**WHAT THE TASK REQUIRES:** Pictures are to be left out; every line from the one with "Cats Who Won" through the end of the data must be transcribed exactly.

(EXERCISE INPUTS Opens)

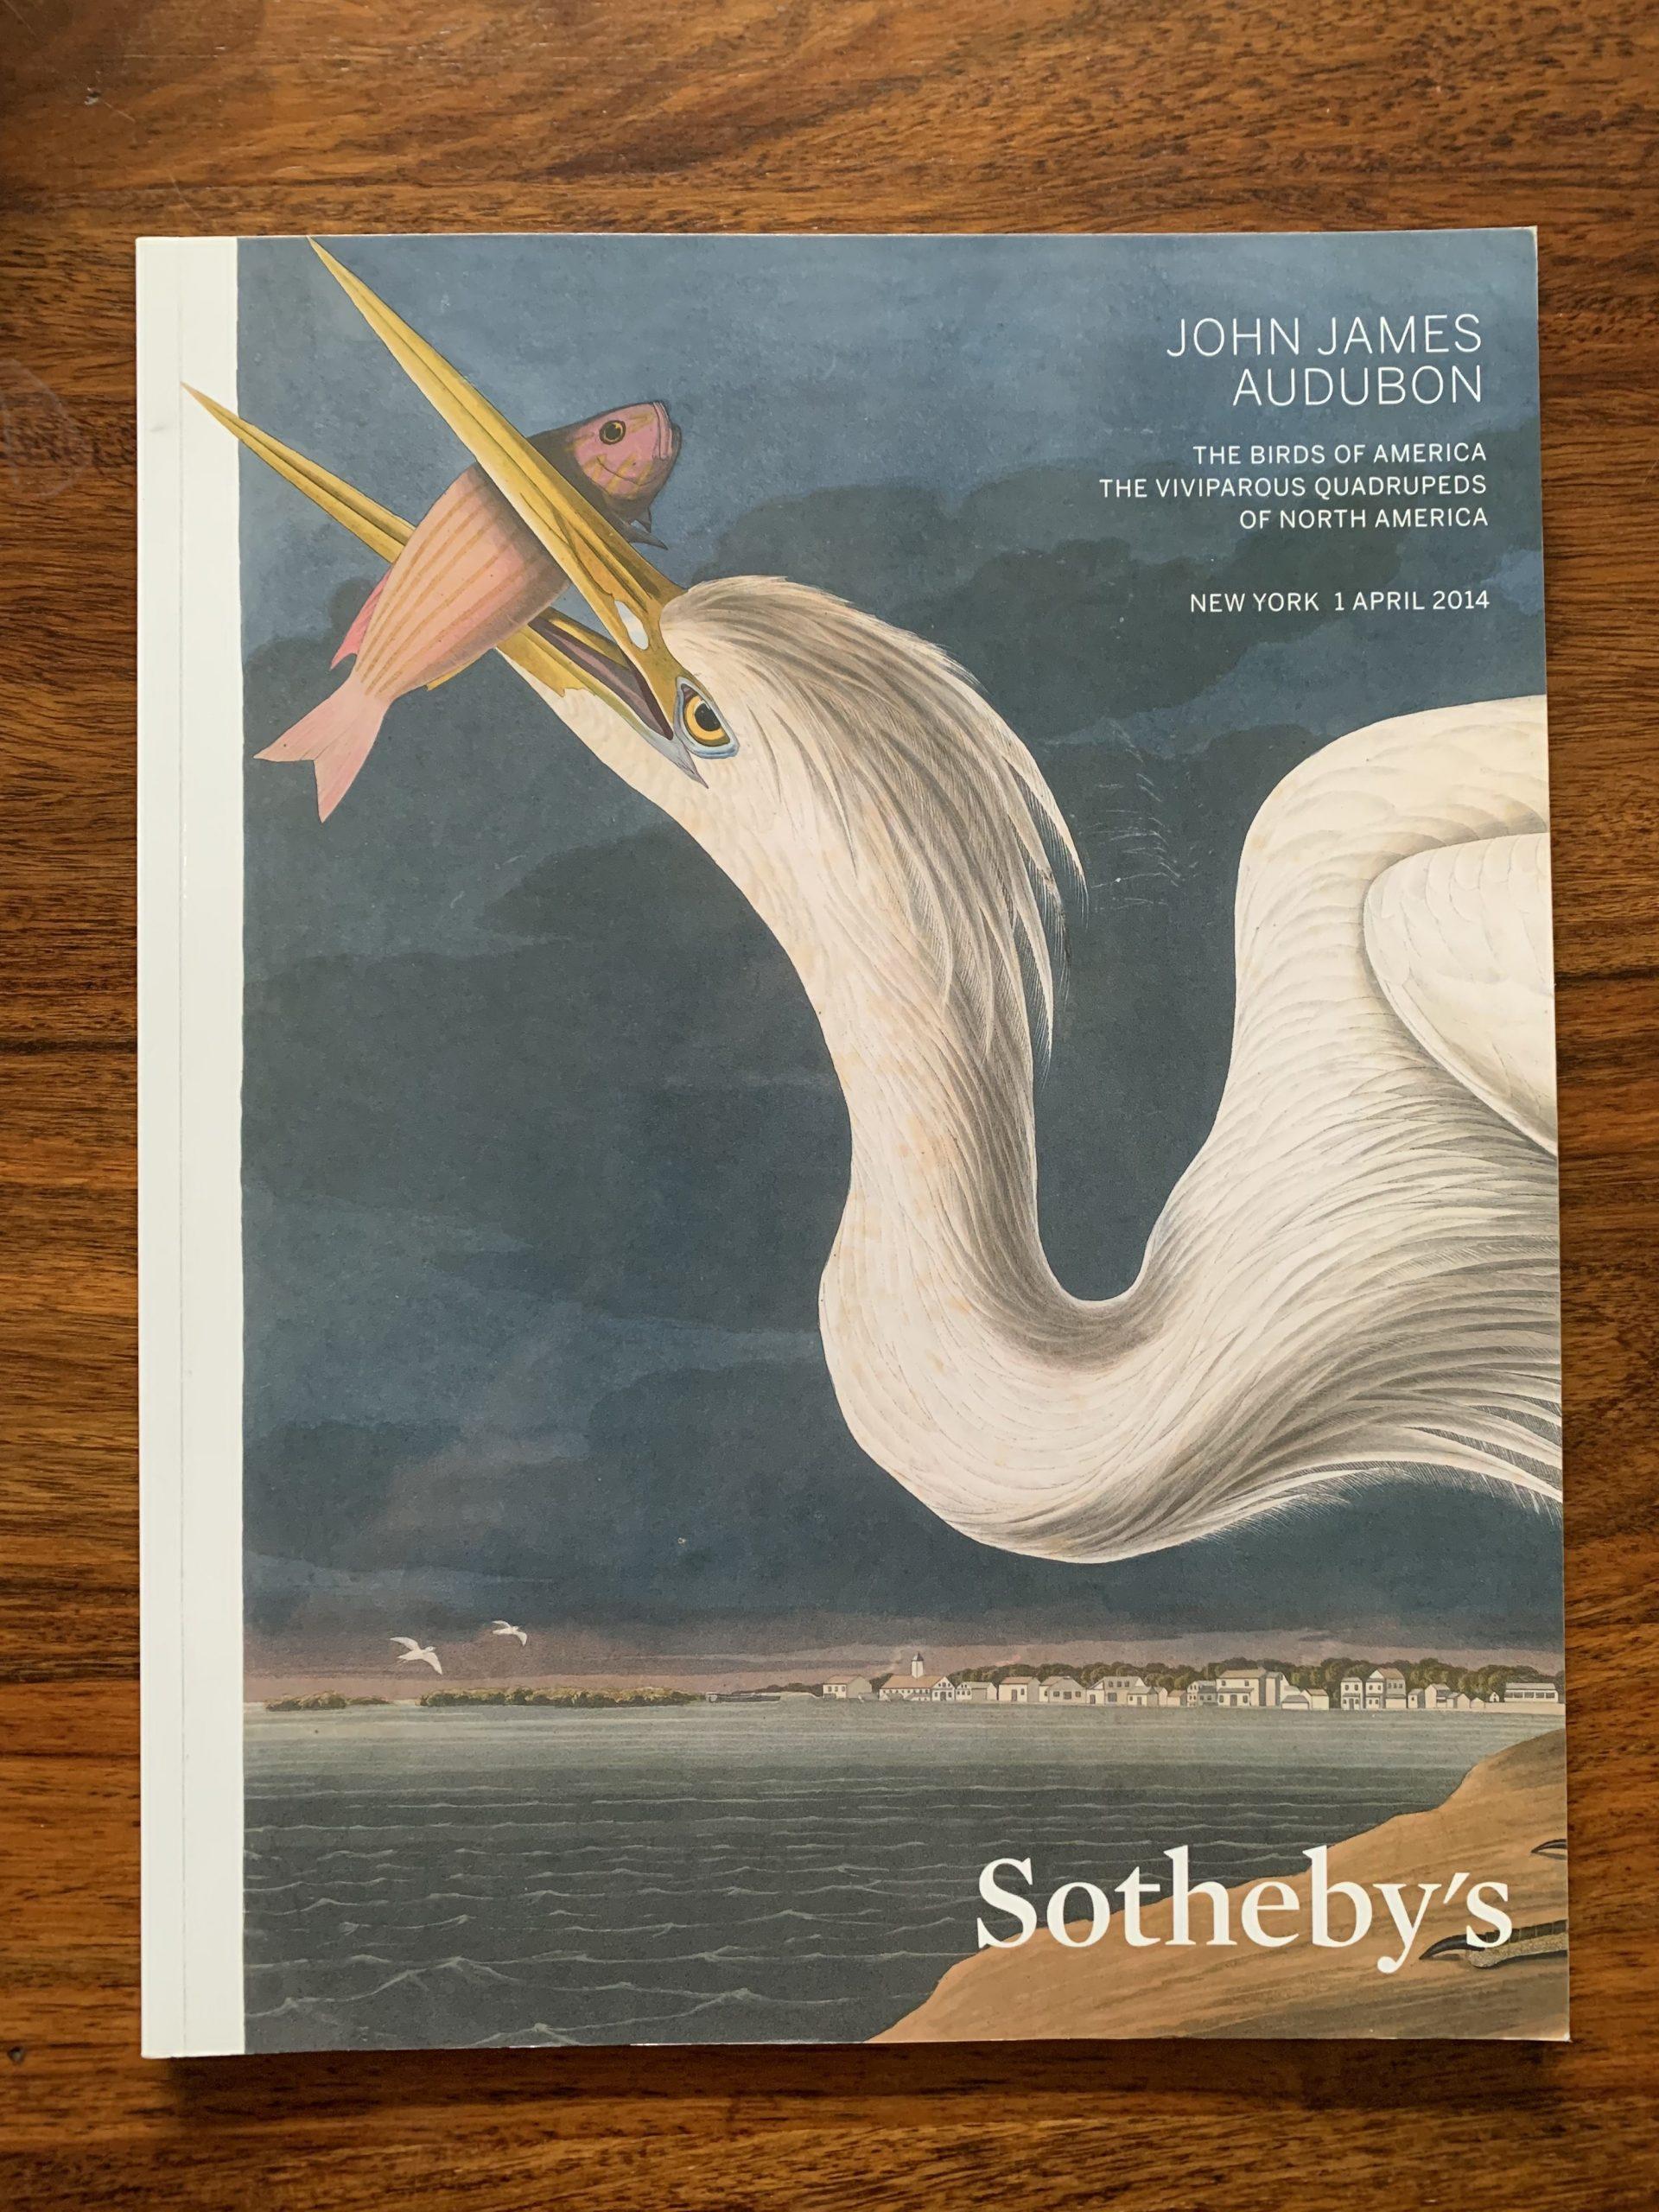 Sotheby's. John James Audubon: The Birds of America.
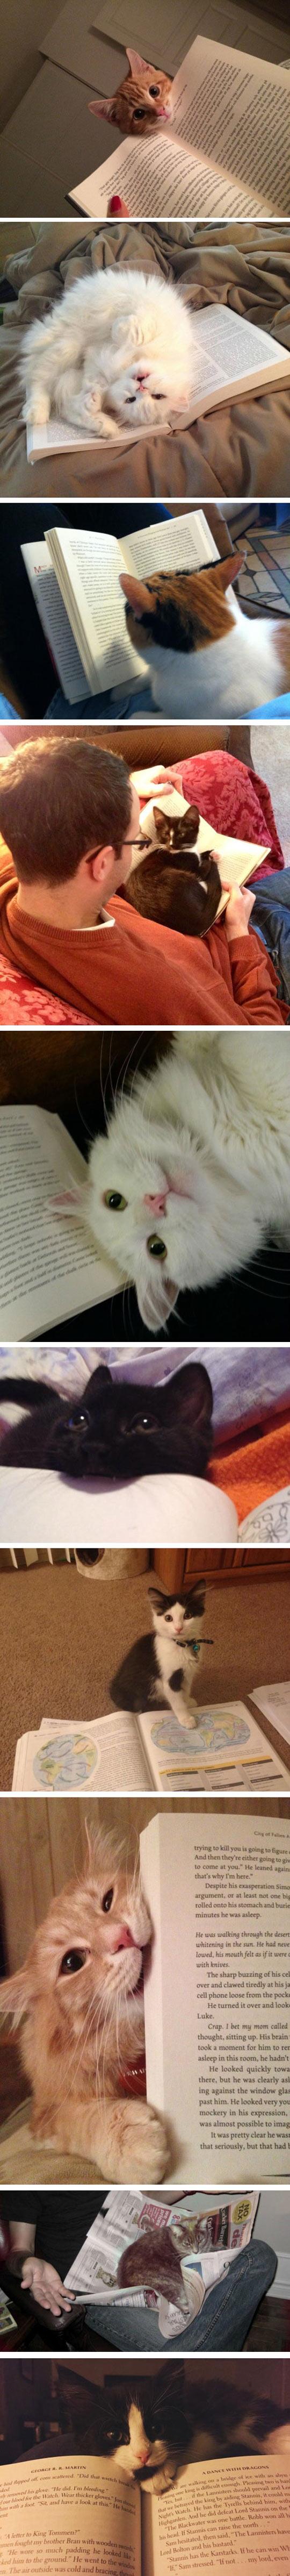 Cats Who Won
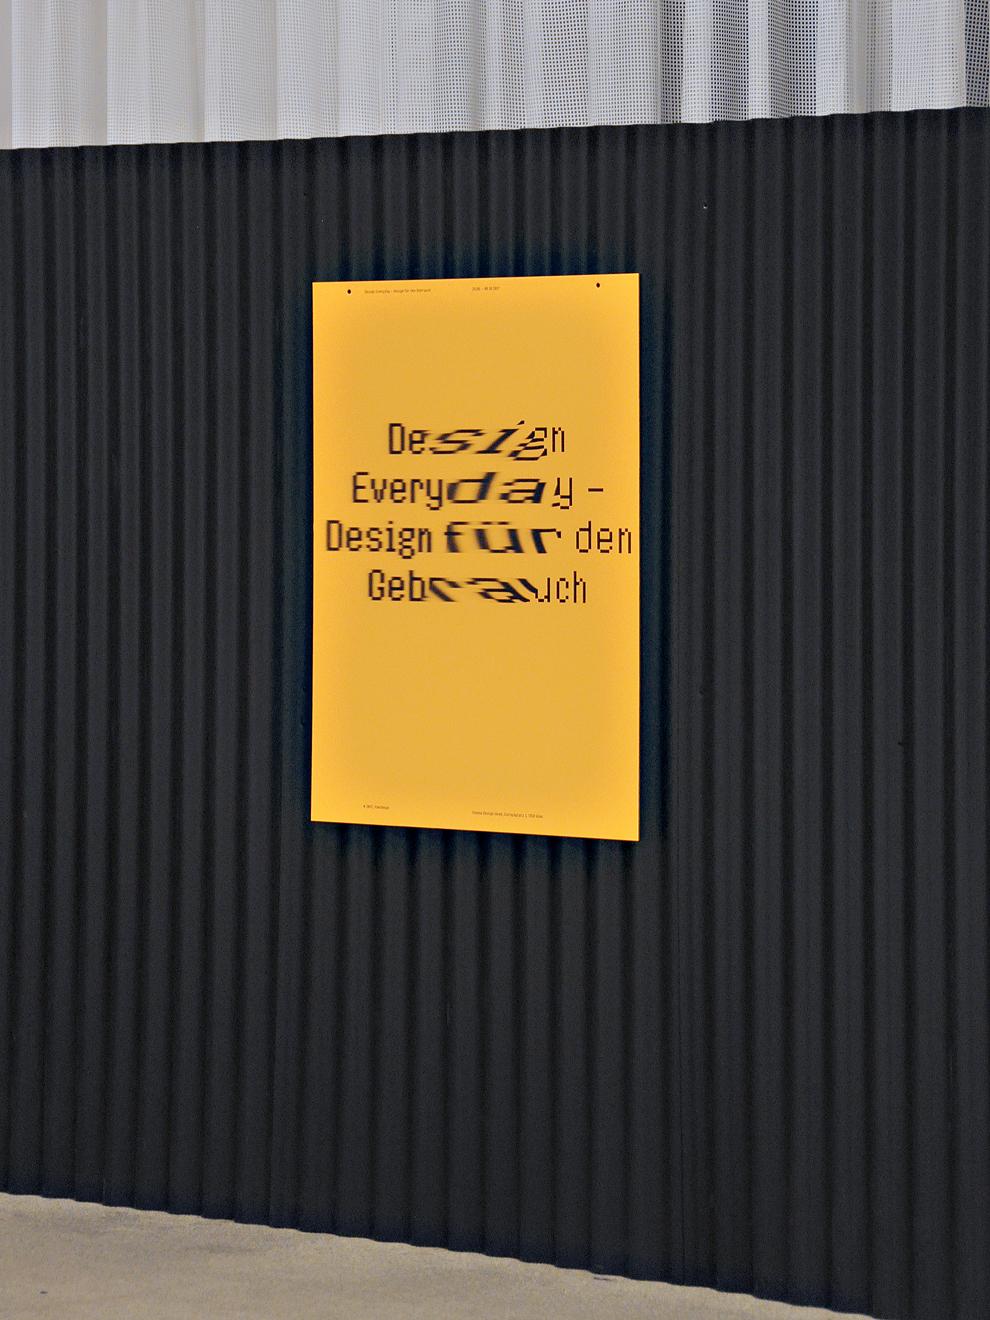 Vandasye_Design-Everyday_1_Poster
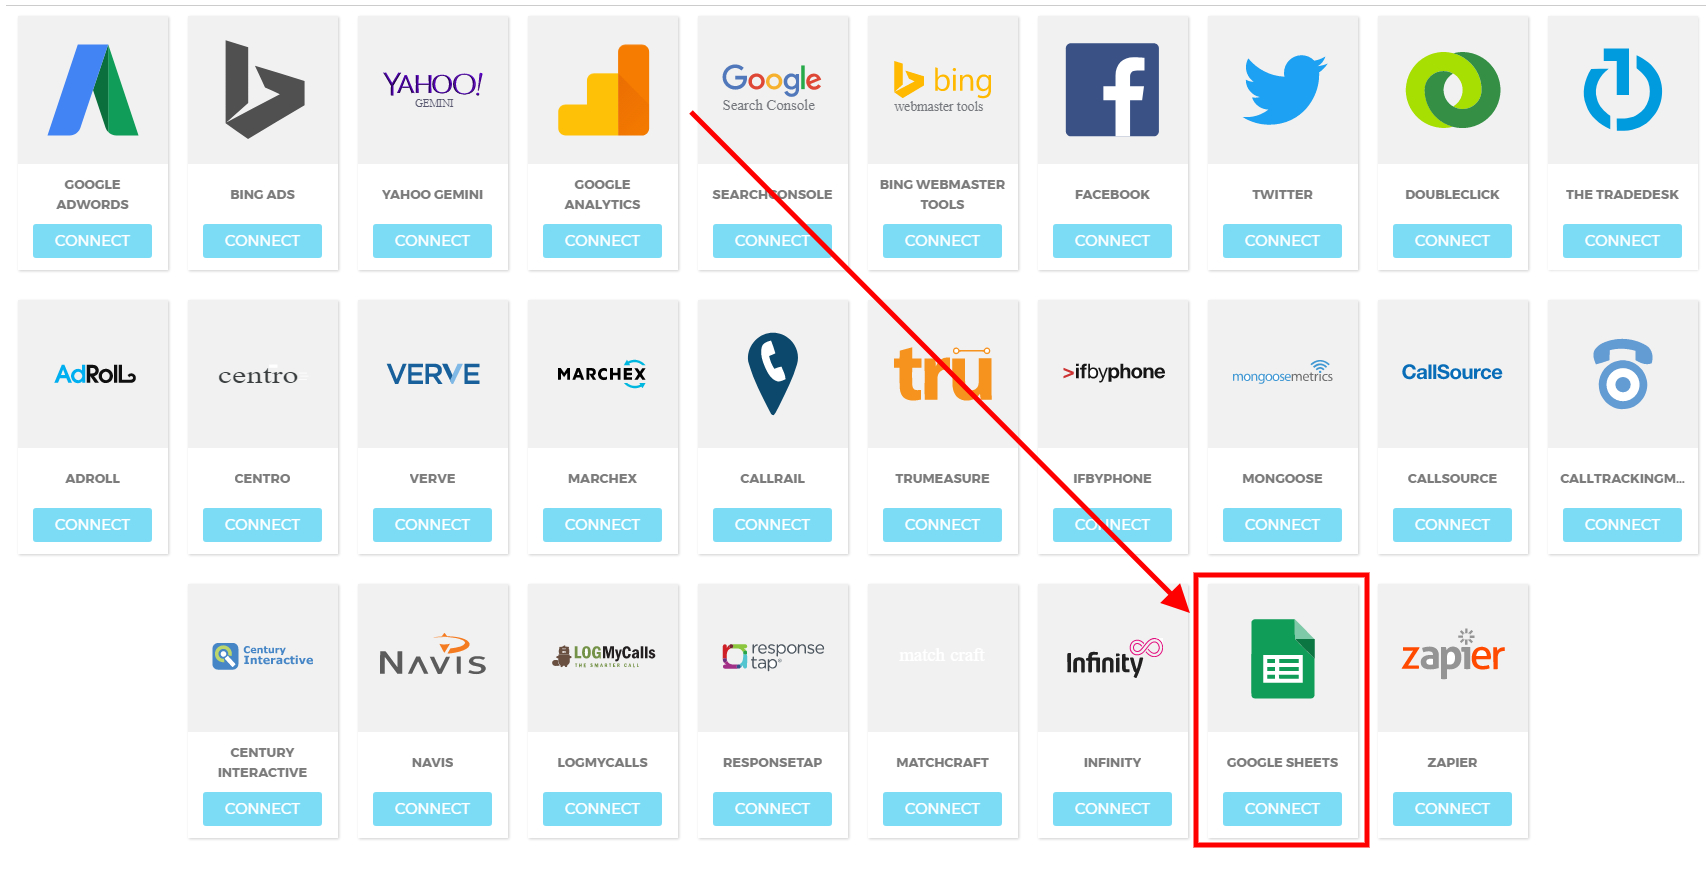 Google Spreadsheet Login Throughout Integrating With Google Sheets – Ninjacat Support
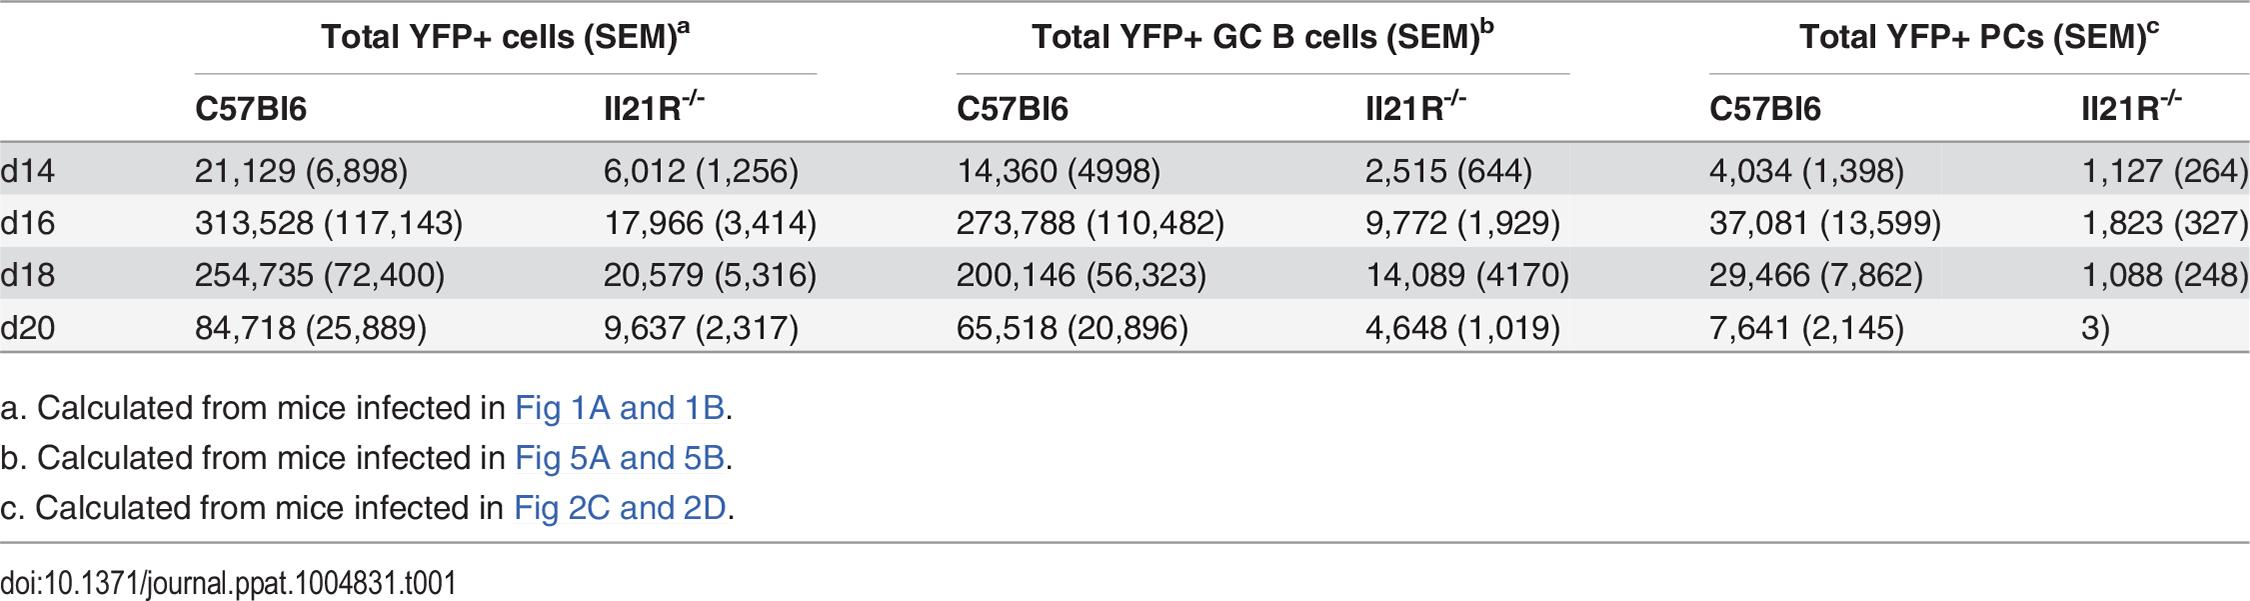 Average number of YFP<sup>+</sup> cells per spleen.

(EXERCISE INPUTS Closes)

**PROBLEM SOLUTION:**
 Cats Who Won
 Vandasye_Design-Everyday_1_Poster
 Google Spreadsheet Login Throughout Integrating With Google Sheets – Ninjacat Support
 Average number of YFP<sup>+</sup> cells per spleen.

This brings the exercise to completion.